Más allá de una cuestión de lazos culturales y afectivos, me ha supuesto una gran alegría que España se alzara con la reciente Eurocopa. Luego de que la mezquindad futbolística haya alcanzado su cima con la consagración de Grecia en la anterior edición del certamen y con el triunfo italiano en el último Mundial, la selección española ha demostrado que la efectividad no sólo está emparentada con la especulación y la preeminencia de la cuestión física –un falso axioma que se quiere imponer por estos tiempos–, sino que, a partir de las irrenunciables apetencias ofensivas como filosofía de juego, y sumando jugadores de buen pie en el medio de la cancha (con funciones más constructivas que destructivas), también se pueden lograr resultados positivos, con el añadido de que, por esta vía, se logran buenos espectáculos, se genera un fútbol con belleza estética que siempre redunda en la satisfacción del espectador.
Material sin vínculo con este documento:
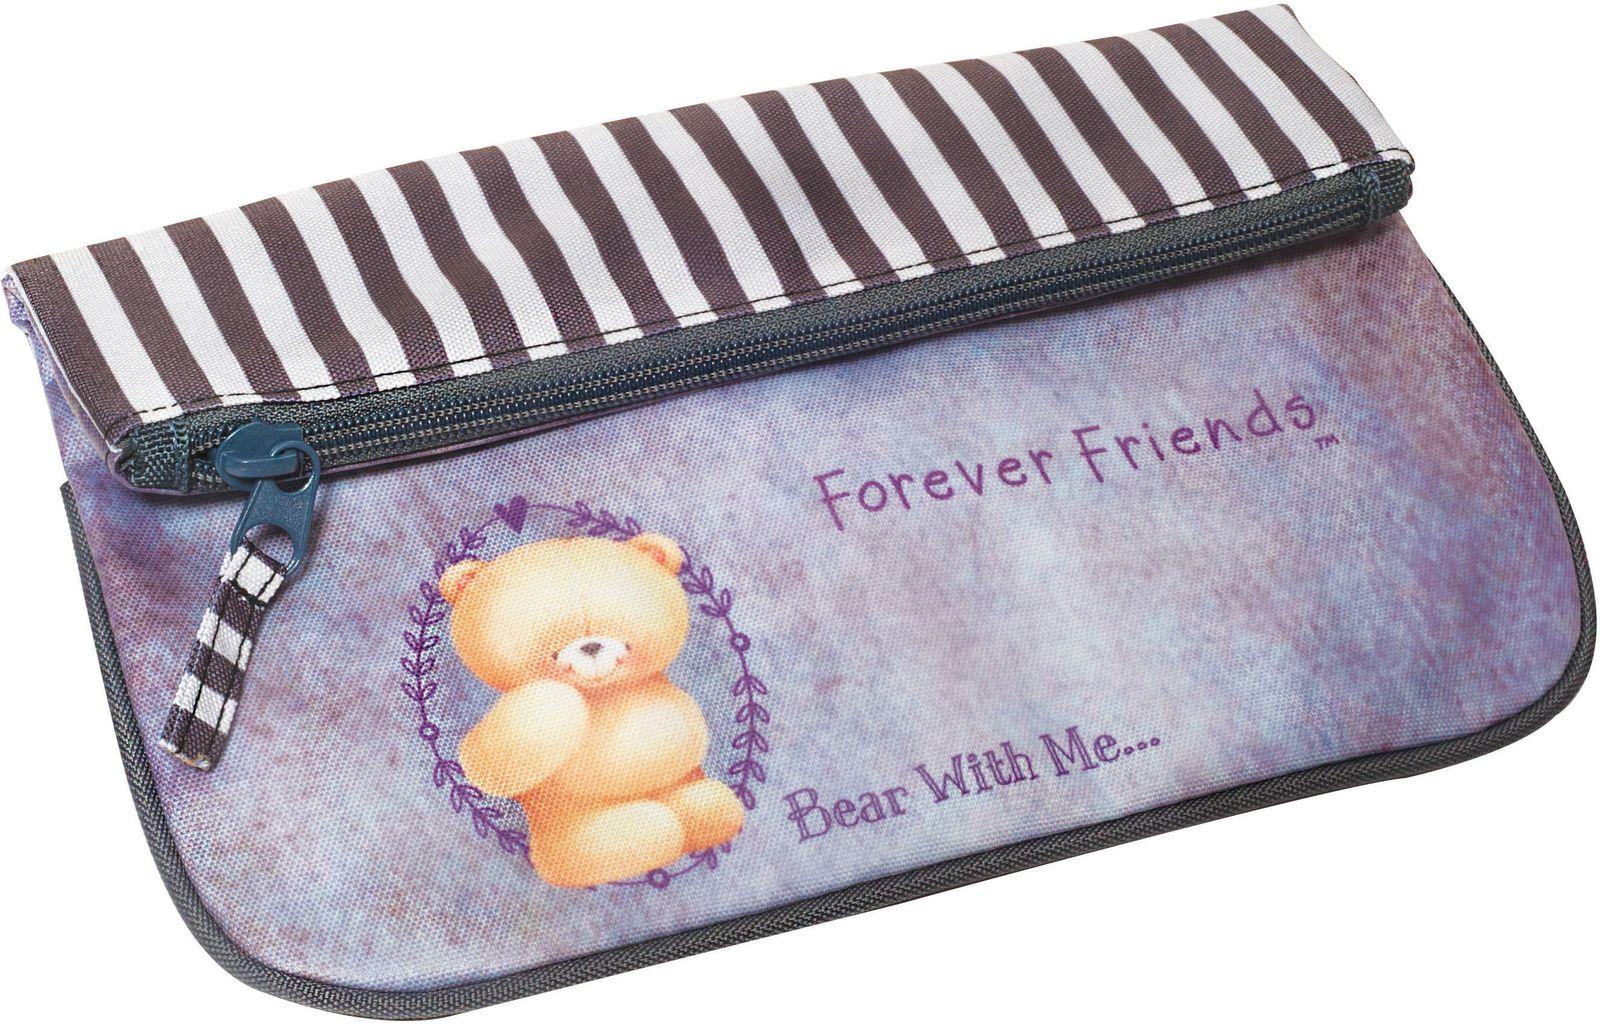 Νεσεσερ Forever Friends Rustic BMU 333-42272 ειδη ταξιδιου   βαλίτσες   αξεσουαρ ταξιδιου   νεσεσέρ

Italia, como era de esperar, no varió un ápice los lineamientos futbolísticos que caracterizaron su juego hace dos años: fue un conjunto que privilegió siempre la protección de su arco antes que la creación de jugadas de ataque, especulando en todo momento con los resultados. Sin embargo, durante este campeonato disputado en Austria y Suiza, se topó con un equipo que encarnó la más acabada antítesis de sus planteamientos avaros, y pese a que la definición se haya sentenciado desde el punto de los penales, terminó pagando caro: su enorme predisposición a que lo planeado mate a lo inspirado, y la poca picardía (poco potrero) y mucha subordinación táctica (mucho pizarrón) que, una vez más, demostraron.
La solidez manifestada por España a lo largo de estos seis encuentros se basó, sobre todo, en un mediocampo de dimensiones superlativas, que fue la fuente generadora de un fútbol alegre y dinámico, plagado de movilidad, toque corto y cambio de ritmo: el decisivo gol de Fernando Torres contra Alemania constituye un ejemplo patente, en el que no se debe enfocar todo el análisis solamente en la exquisita y meritoria definición del delantero, sino también en la repentina asistencia de Xavi, luego de ejercer, junto a sus compañeros, un control absoluto del balón en el centro de la cancha.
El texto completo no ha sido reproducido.